# Automated ML

Importing dependencies

In [33]:
from sklearn.metrics import confusion_matrix
from azureml.core import Dataset, Workspace, Experiment
from azureml.core.compute import ComputeTarget, AmlCompute
from azureml.core.compute_target import ComputeTargetException
from azureml.widgets import RunDetails
from azureml.train.automl import AutoMLConfig
from azureml.core.model import InferenceConfig
from azureml.core.webservice import AciWebservice, Webservice
from azureml.core.model import Model
from azureml.core.environment import Environment
import os
import pandas as pd
import numpy as np
import json
import requests
import joblib
import itertools

In [2]:
# This might be required if the AutoML best algo is XGBoost
%pip install xgboost==0.90

## Dataset
The dataset we are using was obtained from the publication "Machine learning can predict survival of patients with heart failure from serum creatinine and ejection fraction alone". Davide Chicco, Giuseppe Jurman. BMC Medical Informatics and Decision Making 20, 16 (2020). ([link](https://doi.org/10.1186/s12911-020-1023-5))

### Overview

In the dataset we can find 12 features that can be used to predict heart failure mortality:
* age
* anemia (Decrease of red blood cells or hemoglobin
* creatinine_phosphokinase (Level of the CPK enzyme in the blood)
* diabetes (If the patient has diabetes)
* ejection_fraction (Percentage of blood leaving the heart at each contraction)
* high_blood_pressure (If the patient has hypertension)
* platelets (Platelets in the blood measured in kiloplatelets/mL)
* serum_creatinine (Level of serum creatinine in the blood measured in mg/dL)
* serum_sodium (Level of serum sodium in the blood measured in mEq/L)
* sex (Woman or man)
* smoking (If the patient smokes or not)
* time (Follow-up period in days)
* DEATH_EVENT (If the patient deceased during the follow-up period)

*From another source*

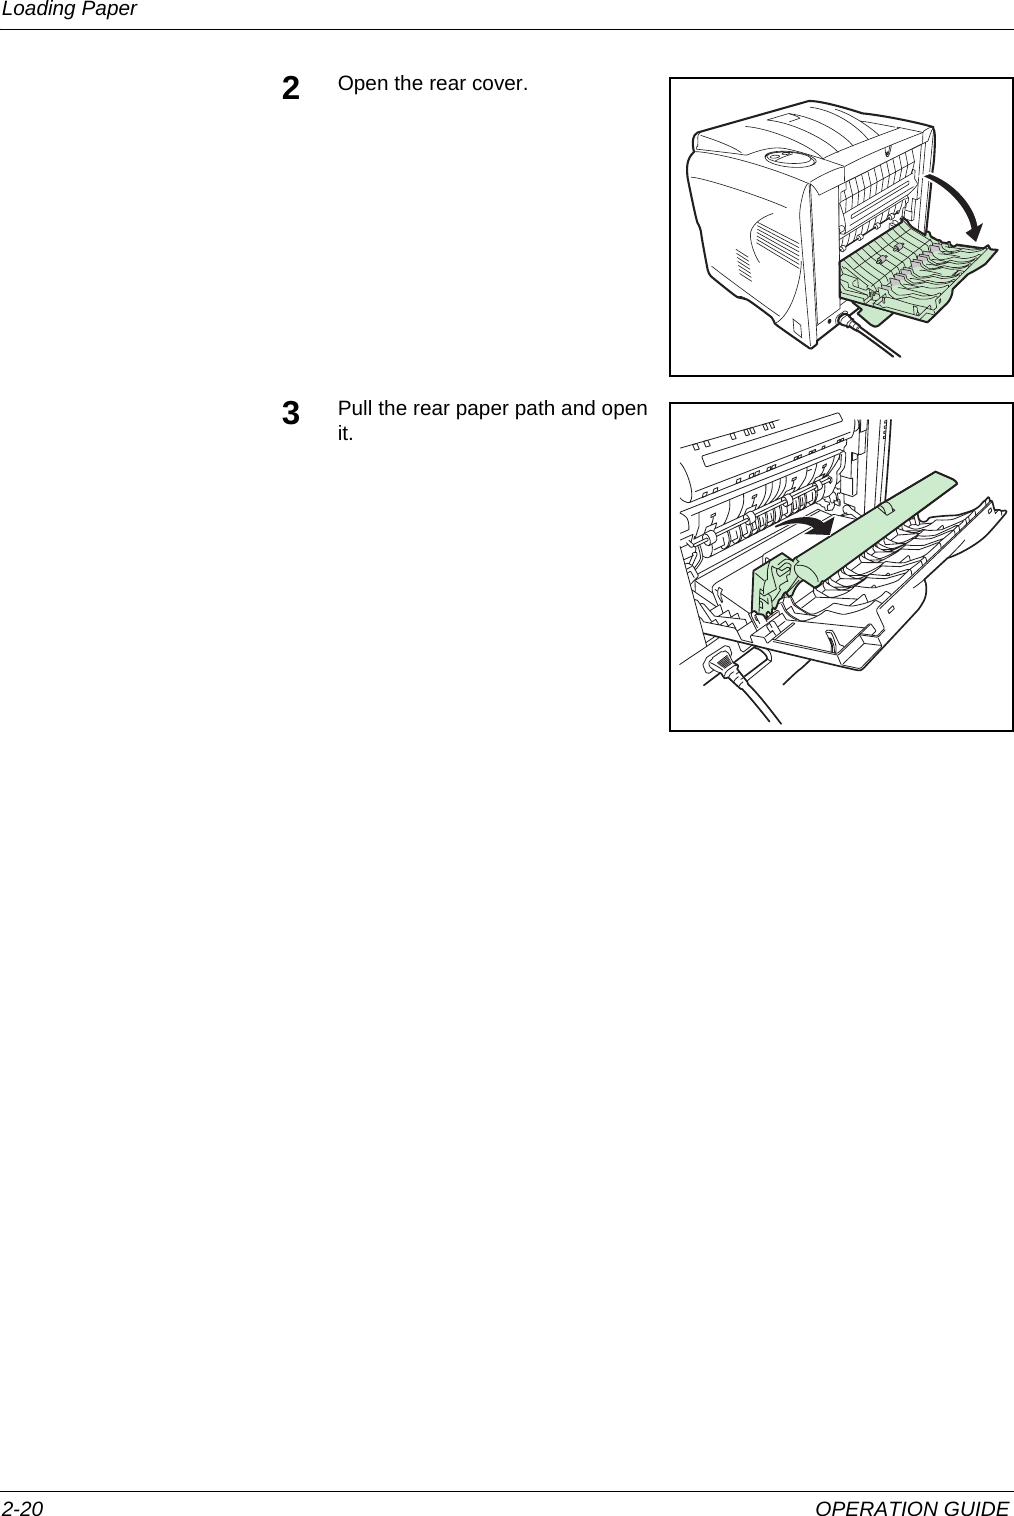 Loading Paper 2-20 OPERATION GUIDE2Open the rear cover.3Pull the rear paper path and open it.
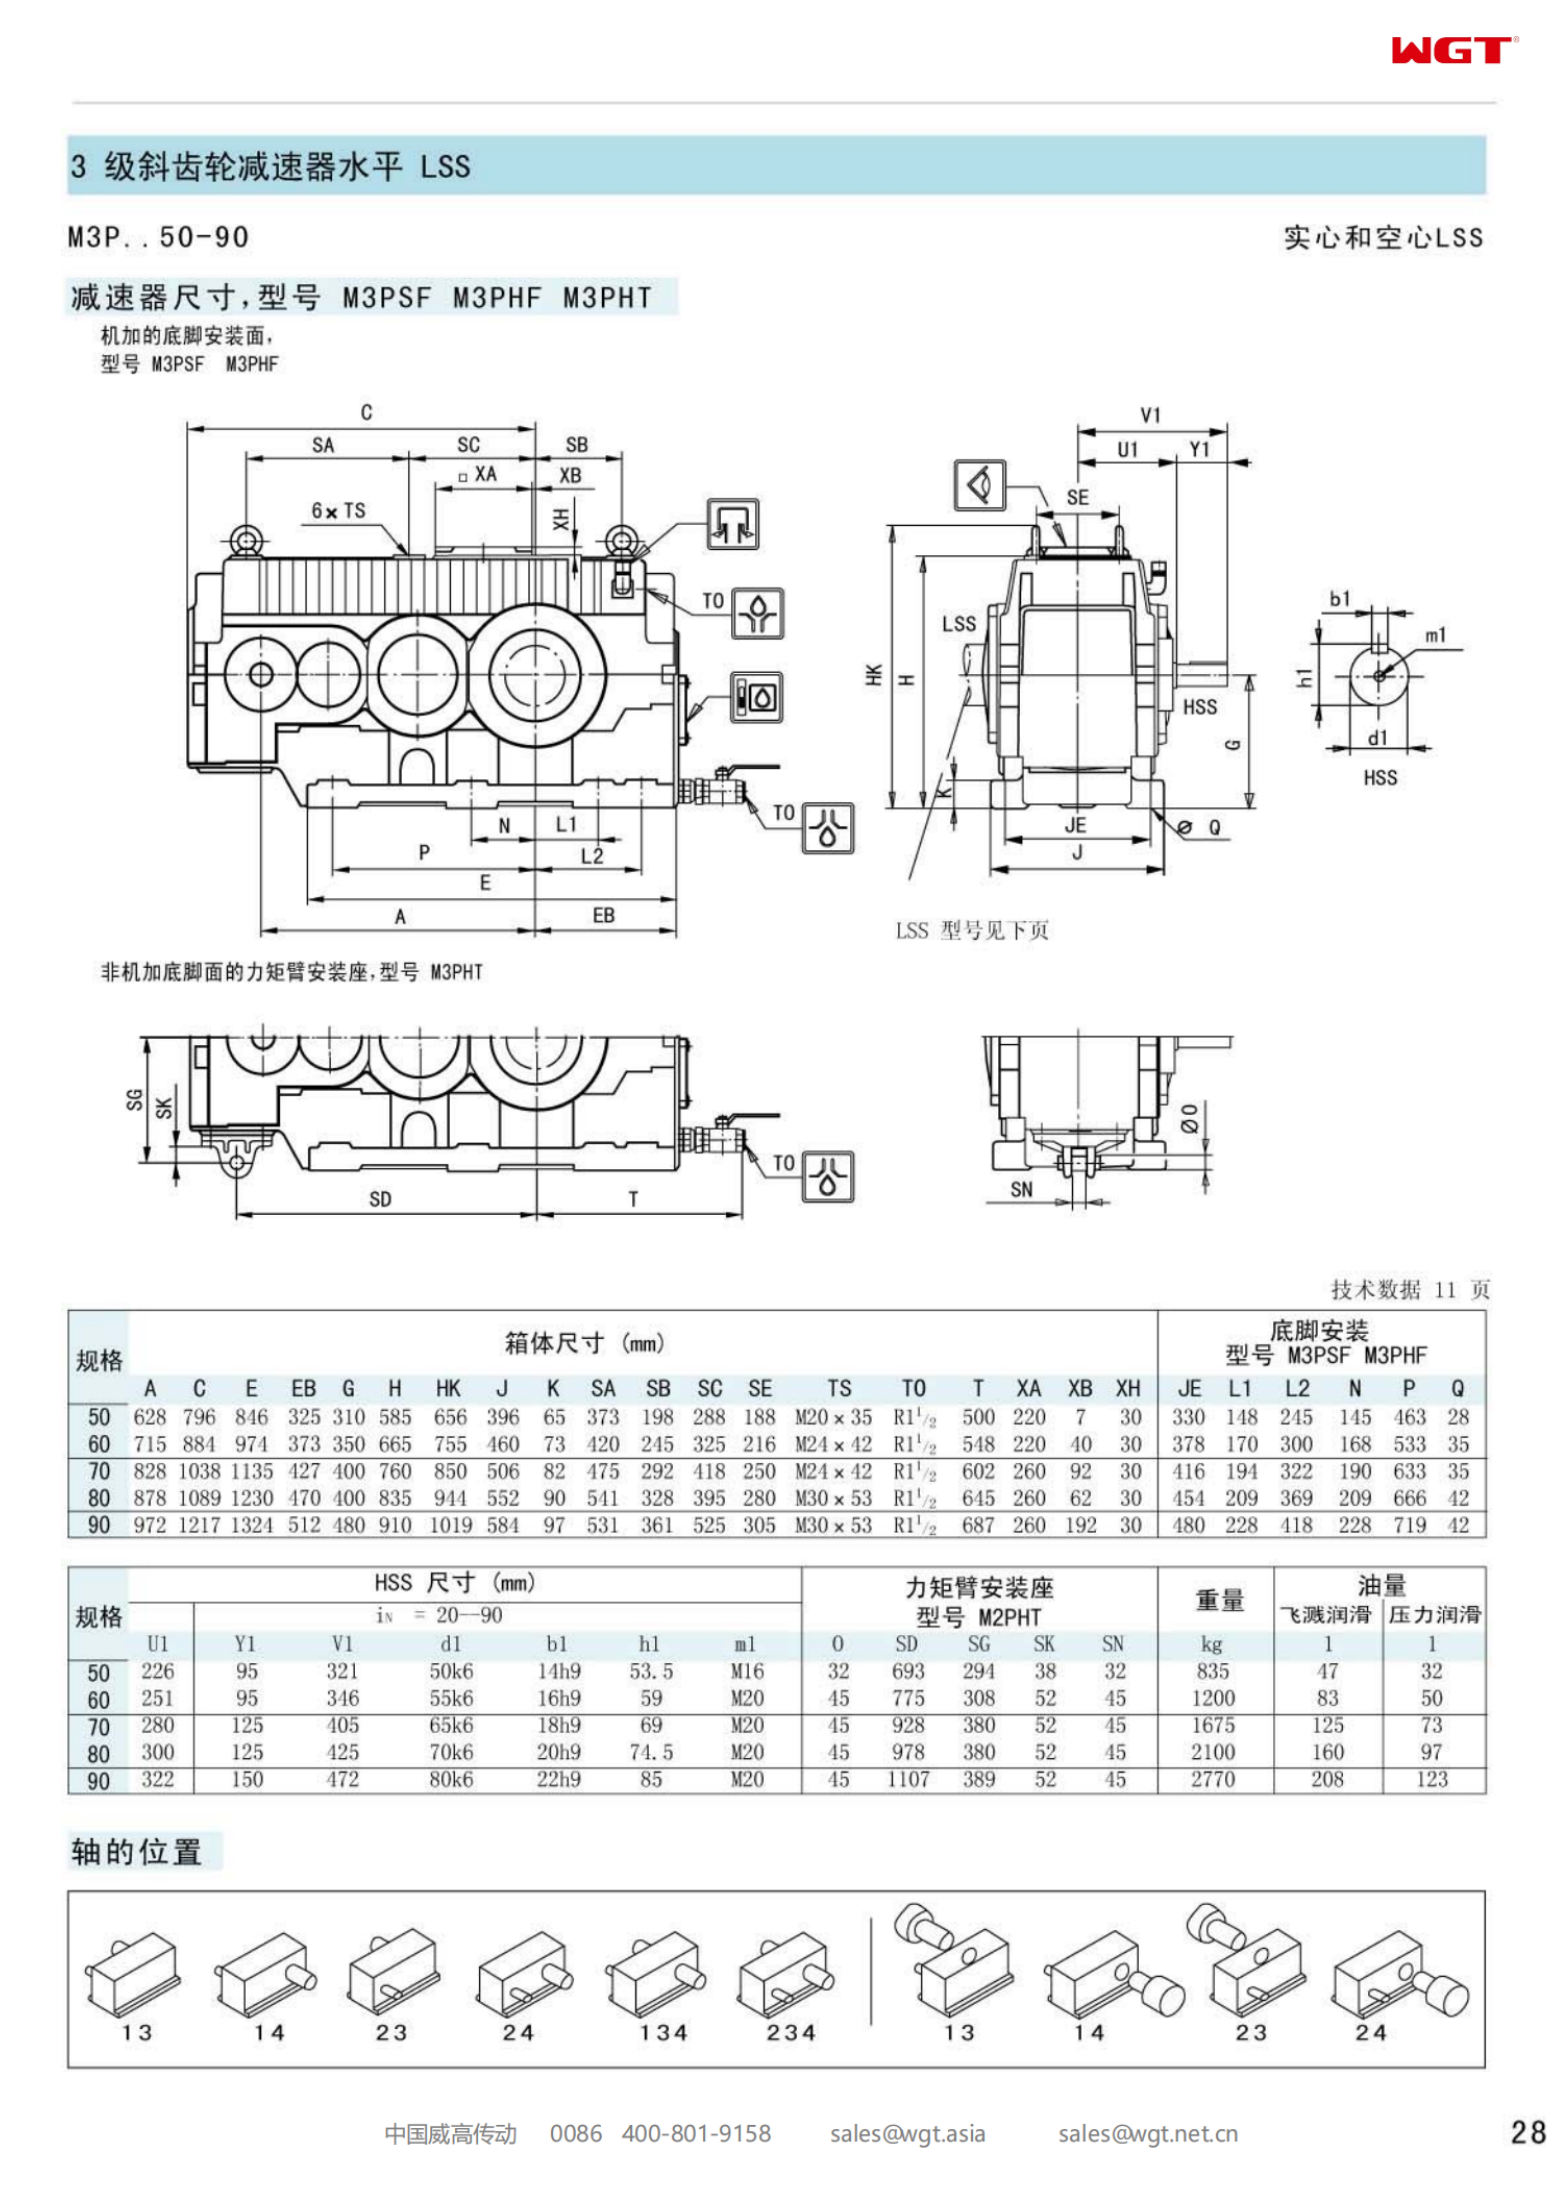 M3PHT60 Replace_SEW_M_Series Gearbox

The target variable is DEATH_EVENT.

In [34]:
ws = Workspace.from_config()

experiment_name = 'automl-exp'

experiment = Experiment(ws, experiment_name)

In [4]:
dataset = Dataset.get_by_name(ws, 'heart-disease-from-kaggle')
data_train, data_test = dataset.random_split(0.8)

In [5]:
df = dataset.to_pandas_dataframe()
df['DEATH_EVENT'].value_counts()

0    203
1     96
Name: DEATH_EVENT, dtype: int64

Dataset is imbalanced! This means the metric "accuracy" should not be used, as it gives misleading results.

### Compute cluster

In [6]:
cpu_cluster_name = "cpu-cluster"

# Verify that cluster does not exist already
try:
    compute_target = ComputeTarget(workspace=ws, name=cpu_cluster_name)
    print('Found existing cluster, use it.')
except ComputeTargetException:
    compute_config = AmlCompute.provisioning_configuration(vm_size='STANDARD_D12_V2',
                                                           max_nodes=10)
    compute_target = ComputeTarget.create(ws, cpu_cluster_name, compute_config)

compute_target.wait_for_completion(show_output=True)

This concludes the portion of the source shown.